WEST PALM BEACH, Fla. — A movement of unions, senior citizen and civil rights organizations is working hard to defeat George W. Bush in this battleground state even as Gov. Jeb Bush and the Republican right resort to some of the same dirty tricks they used to steal the 2000 election.

“If this election were conducted honestly, I would predict that John Kerry would carry Florida by a 15 percent margin,” said Tony Fransetta, president of the 181,000-member Florida Alliance of Retired Americans. “But we are seeing all the old tricks — trying to remove people from the voting rolls, voter intimidation, touch-screen voting with no paper trail. Given all that, I conclude that this election is going to be very close. Victory will be determined by voter turnout.”

Florida law permits voters to cast their ballots early, starting Oct. 16. The anti-Bush coalition is seeking to build momentum for a massive early vote.

Helping spark that momentum, Floridians for All, a grassroots movement, collected nearly 1 million signatures to put on the November ballot a constitutional amendment establishing a $6.15 hourly minimum wage in Florida with annual increases tied to inflation. Kerry has endorsed the amendment. Gov. Jeb Bush opposes it and George W. Bush has been silent on it.

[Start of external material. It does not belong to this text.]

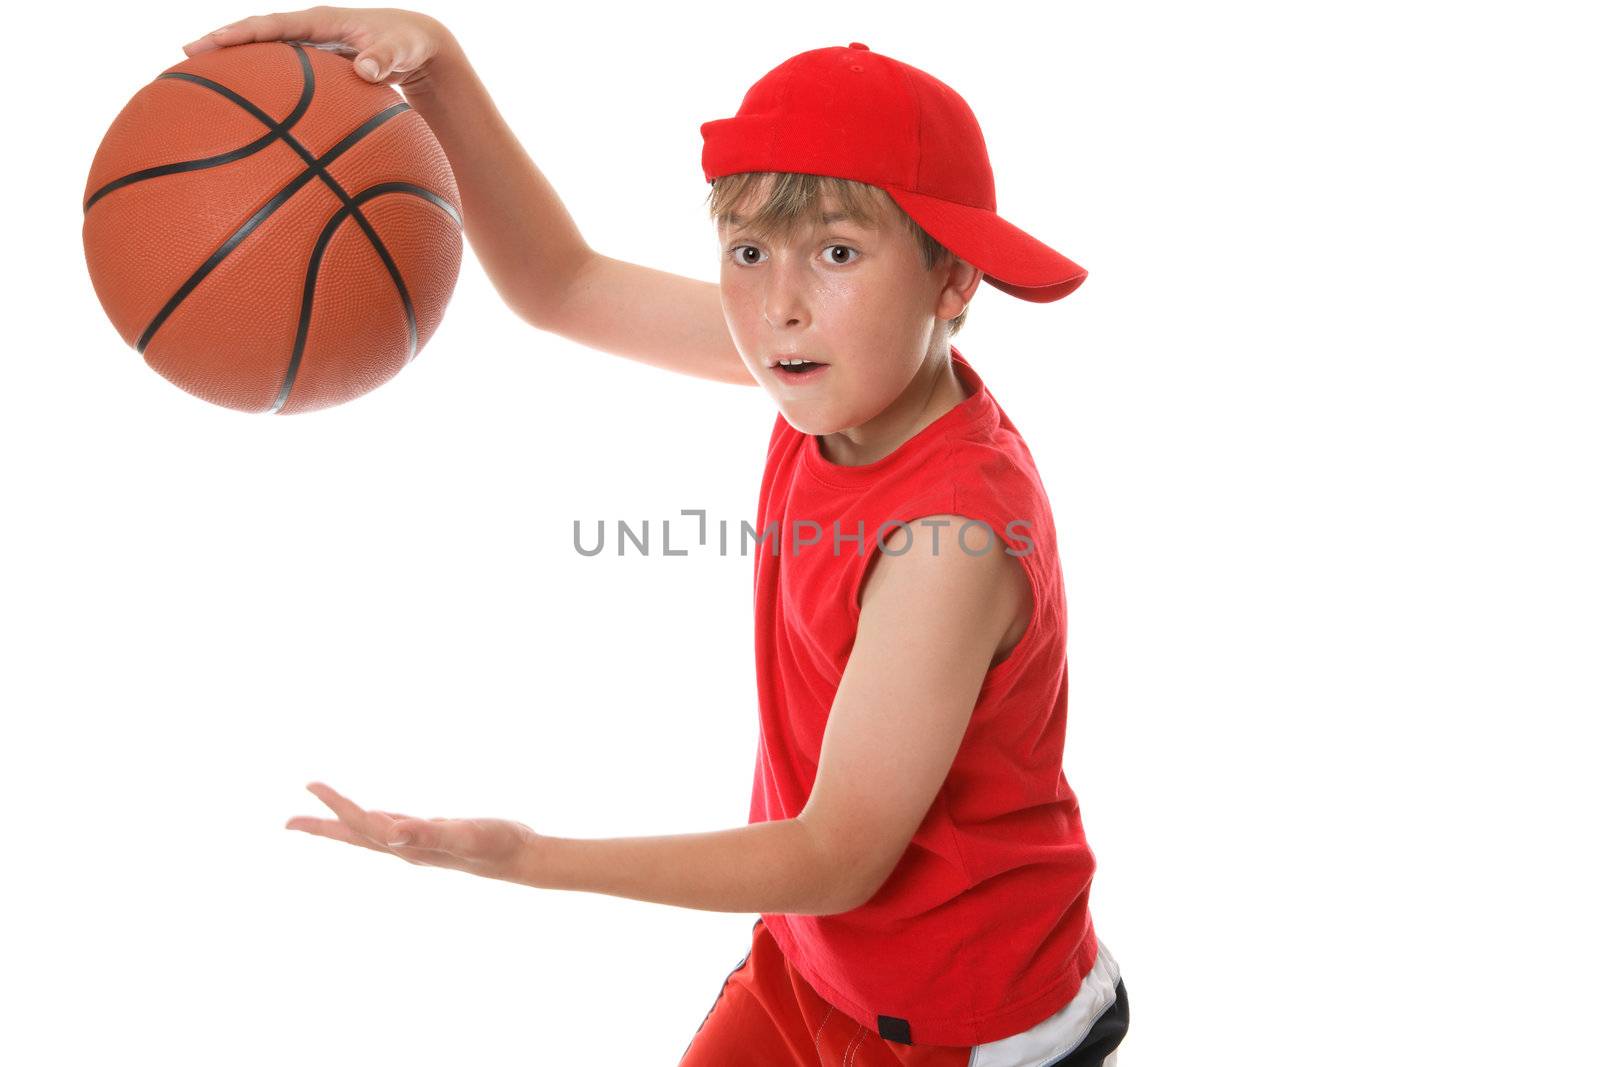 A child in action playing a game of basketball

Fransetta said another burning issue is the prescription drug bill rammed through Congress by a razor-thin margin in the dead of night. “The Republicans have played quite well the politics of confusion and distortion, a polite way of saying, they lie. One of the best examples is the prescription drug bill that Bush is using as a centerpiece of his appeal to seniors. In fact, it is an attack upon Medicare,” Fransetta said. “If Bush had his way, Medicare would not exist in any form. If they succeed in privatizing Social Security, it will be a win for Wall Street and a loss for Main Street.”

Fransetta was a leader of the “Battle of Florida” in 2000, when the Republicans succeeded in purging more than 90,000 voters, mostly African American and Latino, falsely identifying them as ex-felons.

“They are trying to do it again this year, sending out another voter purge list,” he charged. “We raised such a storm, they withdrew it. But they’ve left to the discretion of the supervisors of each of the 67 counties whether to remove people from the rolls who are on that list.”

In St. Petersburg, Mary Saunders is a leader of the Florida Restoration of Civil Rights Coalition. An overriding goal is restoration of voting rights for thousands of Floridians who have completed prison terms and have become law-abiding citizens, she told the World.

“I’m convinced that barring these people from voting is a conscious effort to dilute the vote of minorities in violation of the 1965 Voting Rights Act,” she told the World. “They gave us another list of 47,000 names to purge from the voting lists. I went down and got that list. We found so many names that don’t belong on that list. Jeb withdrew that list under fire but I don’t trust them. The heading on that list is ‘potential felons.’ How many people are going to show up on Election Day and be told, ‘You can’t vote. Your name is not on the rolls?’”

To guard against theft of the election, Saunders’ group is conducting a get-out-the vote effort called ‘Power On,’ based on a consortium of 26 organizations. “We need to not only register people to vote, we must educate them on why it is important to vote,” she said. “It is the most important right we have.”

Gabriel Casares, former mayor of Clearwater and a revered Mexican American leader in Florida, told the World that Kerry can win the Latino vote in Florida. “I think the Bush campaign has the same programs to control the vote that they used the last time,” he said in an interview in his home. “But many people are turning against Bush not because he is a Republican but because of all he has done to harm the people.”

Casares was a member of the Florida Commission on Hispanic Affairs. “We were very concerned about the plight of farm workers in Florida,” he said. “We wanted to improve their living conditions. We wanted to raise the living standards of Latinos in Florida that are the worst in the nation, behind California, Arizona, even Texas.”

Then, he charged, Gov. Jeb Bush, with the backing of ultra-right Cuban Americans, slashed the commission’s budget by $117,000. “They killed the Florida Commission on Hispanic Affairs. Then they slashed the budget of the Commission on African American Affairs. They set back the advancement of Blacks and Latinos by 25 years. There is no question that the Bush administration did that. They really don’t care about the plight of the working class. I’ve been encouraging Blacks and Latinos to join together, to take a stand for equality.”